1947 And The Weight Of Silence
As Independence arrived on August 15, 1947, it brought with it celebration and catastrophe in equal measure. Delhi witnessed an influx of refugees, violence and upheaval as the realities of Partition unfolded. Amid this chaos, The Imperial remained standing, while the city outside changed irrevocably.
The contrast was stark. Inside the hotel, meals were served, guests checked in and out, and diplomacy continued. Outside, one of the largest mass migrations in human history was underway. This juxtaposition has led many historians to describe The Imperial as a 'silent witness' to the human cost of political decisions made behind these closed doors.
Post-Indepence Era
In the post-Independence era, The Imperial underwent a subtle but important transformation. Once a symbol of British authority, it gradually became an institution woven into the fabric of independent India. Members of the Nehru family reportedly maintained a permanent suite, reinforcing the hotel's continued association with political power, albeit under a new national identity.
When Kate Winslet visited India, including a stop in Delhi, around May 1998, she stayed at the Imperial Hotel. Photo: The Imperial
Over the following decades, the hotel hosted heads of state, foreign dignitaries and diplomats. At one point, as many as 13 embassies operated from within its premises, further cementing its role as a diplomatic hub in the capital.
Unlike many colonial-era structures that faded or were repurposed, The Imperial retained its relevance, adapting to new realities while preserving its historic core.
Restoration And Reinvention
From the 1990s onwards, The Imperial underwent extensive restoration, focusing on reclaiming its original character while upgrading facilities for contemporary luxury travellers.

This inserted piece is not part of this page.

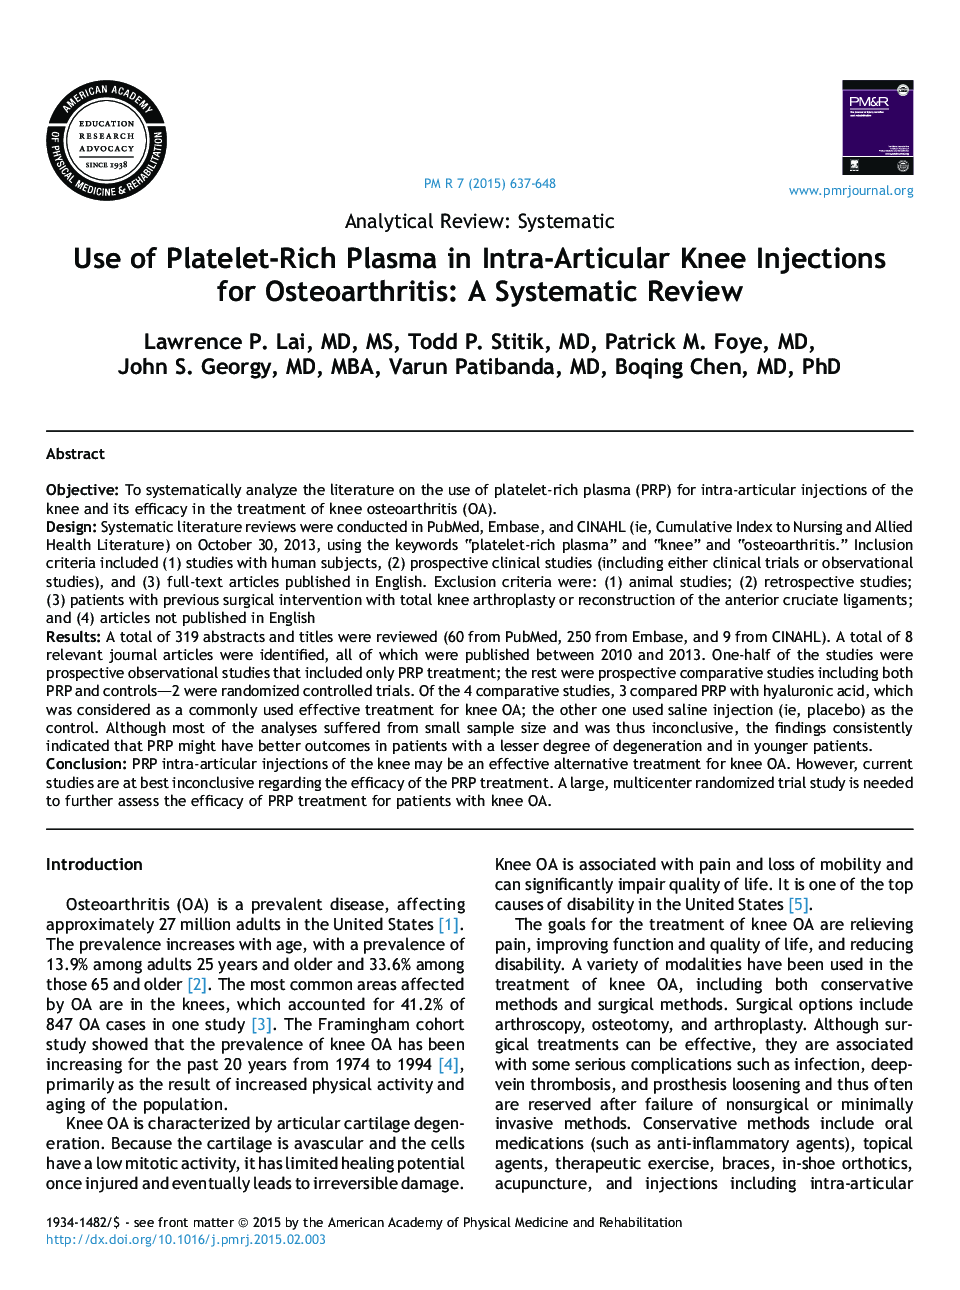 استفاده از پلاسما غنی از پلاکتی در تزریق داخل مفصلی زانو برای استئوآرتریت: بررسی سیستماتیک

Today, it is often described as a living museum, housing a priceless collection of over 5,000 original artworks from the 17th and 18th centuries across common areas, floors and accommodations. It has around 235 rooms and suites, mixing old‑world English‑style decor with Art Deco touches.
The Imperial has a priceless collection of original artworks and artefacts. Photo: The Imperial
Walking through its corridors is akin to moving through a curated archive. The artwork spans the Company School period, the Raj era and early modern India, offering guests an immersive historical experience rather than a purely aesthetic one.

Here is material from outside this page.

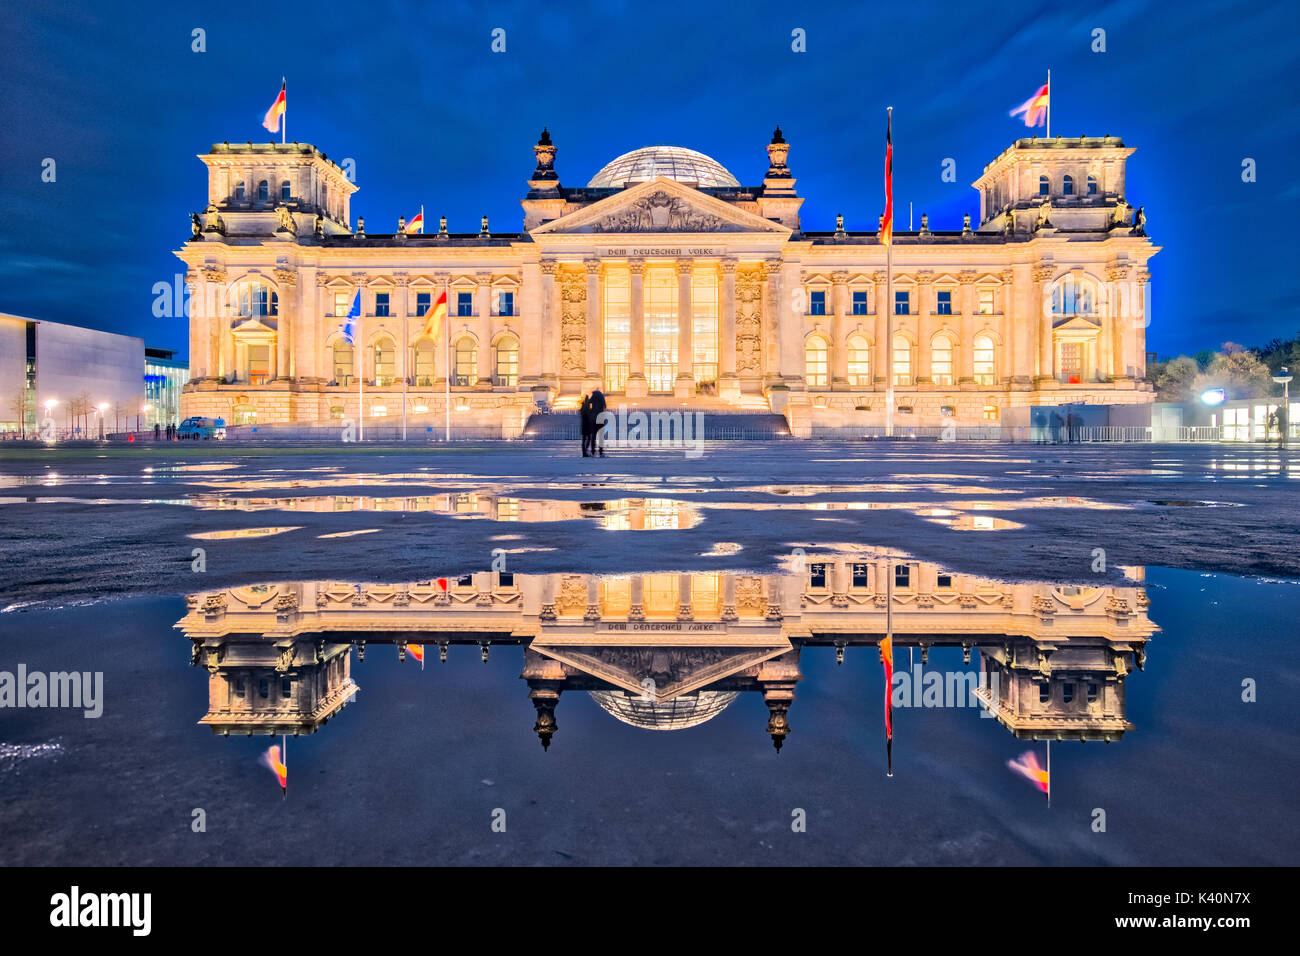 L'edificio del Reichstag di notte a Berlino. (La dedizione Dem deutschen Volke, significato per il popolo tedesco, può essere visto sul fregio) Foto Stock

The hotel now features fine-dining restaurants, heritage bars, landscaped gardens and a luxury spa, the tea lounge, the Royal Ballroom, all carefully designed to coexist with its architectural legacy rather than overshadow it.
Who Owns The Hotel Now
The hotel has been associated with the Akoi family (descendants of SBS Ranjit Singh) since its inception. Now, following a 16-year-long legal dispute and a 2024 settlement, the ownership and trademark are split between Hardev Singh Akoi (50%) and the children of his late brother, Jasdev Singh Akoi, namely Raidev Singh Akoi (25%) and Gobind Singh Akoi (25%). The historic 1931-built heritage hotel is managed by the Akoi Saab family.
Luxury In The Present Day
From its early days of Rs 20 a night, The Imperial has come a long way. Today, it is firmly positioned at the top end of Delhi's hospitality market.
Room rates vary depending on season and category, but heritage rooms and suites often start from Rs 35,000-Rs 45,000 with premium prices running into Rs 60,000-Rs 1,00,000 per night, with some listings showing packages or special-category rooms well above that.
Despite competition from newer luxury hotels, The Imperial retains a loyal clientele drawn to its discretion, central location and historical gravitas. It is widely regarded as a preferred address for politicians, diplomats, business leaders and film personalities visiting the capital. While individual celebrity stays are rarely officially confirmed, the hotel's reputation as a Bollywood and high-profile favourite for actors like Saif Ali Khan, John Abraham, Sahid Kapoor, etc, is well established.
Now, nine decades after it first opened its doors, The Imperial remains one of Delhi's most recognisable landmarks.